Bruske: It’s time to get the profit out of care
OTTAWA –– A new report shows billions of dollars in public funds for long-term care have been diverted from patient care into the pockets of shareholders. Canada’s unions call on the federal government to make long-term care part of Canada’s public health care system.
“This report is brutal evidence of higher death rates and lower levels of care at for‑profit long‑term care homes across Ontario,” said Bea Bruske, President of the Canadian Labour Congress. “Despite all this, Conservatives want more private care homes and privatized health care services. We can’t let that happen.”
Canadians for Tax Fairness released the report, Careless Profits, today.
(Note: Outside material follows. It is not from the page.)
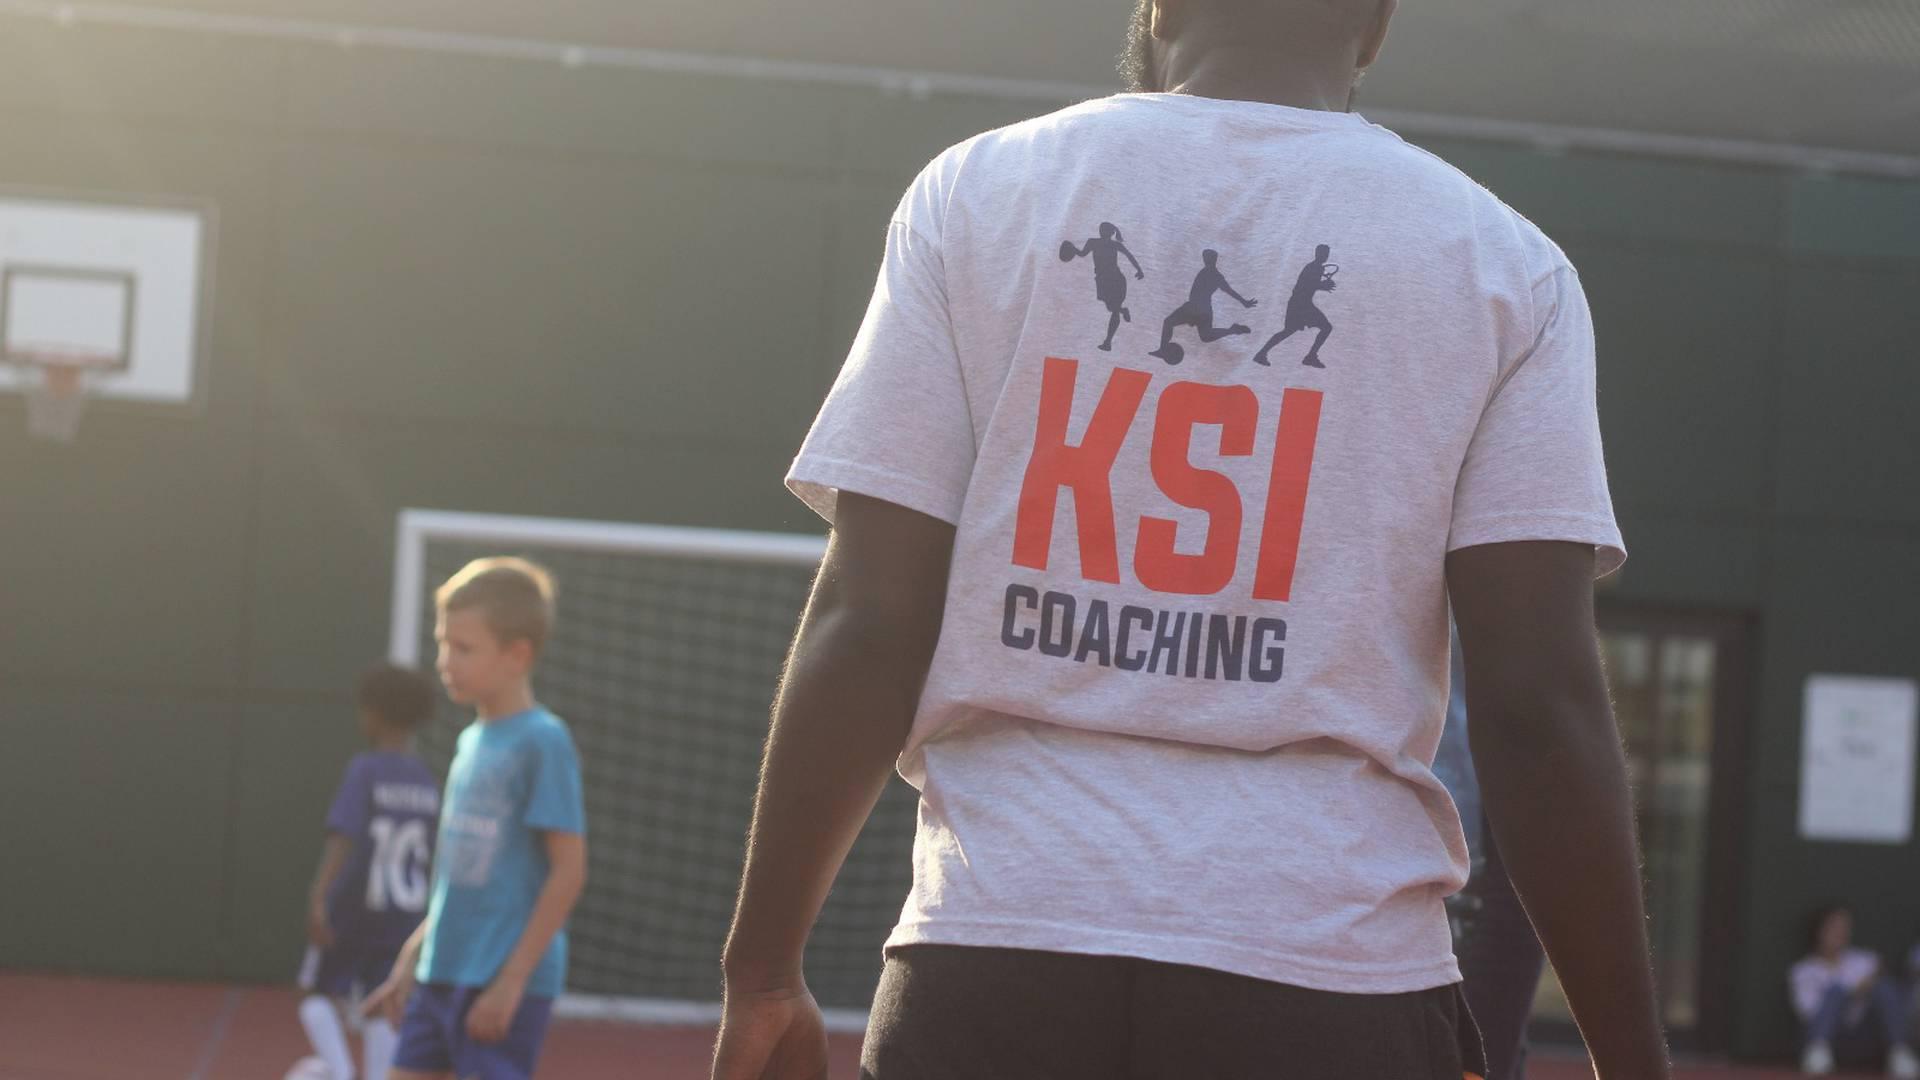 KSI Coaching photo

Their analysis shows that over the last decade $3.8 billion in public funds have been converted to profits instead of going to residents or staffing. They also estimate that 1,400 lives could have been saved during the pandemic if those funds had been spent on better care.
For decades, Ontario’s long-term care sector has been weakened by chronic underfunding, severe staffing shortages and poor oversight. Staff at for-profit homes have been sounding the alarm for years, and they were proven right when the COVID-19 pandemic hit.
As of May 18, 2022, Ontario accounted for one-third of all long‑term care resident deaths in Canada. Ontario has the highest proportion of for-profit long-term care homes in Canada.
“At the start of the pandemic 80 percent of deaths from COVID-19 were in long‑term care homes and still the focus was on profits, not patient care. It’s despicable,” said Bruske. “It’s time to eliminate for-profit care homes and focus on decent jobs in the industry as it becomes more and more important to our population.”
Ontario’s government has announced funding for new long-term care beds. The majority of those will go to for-profit companies, including those with some of the worst track records.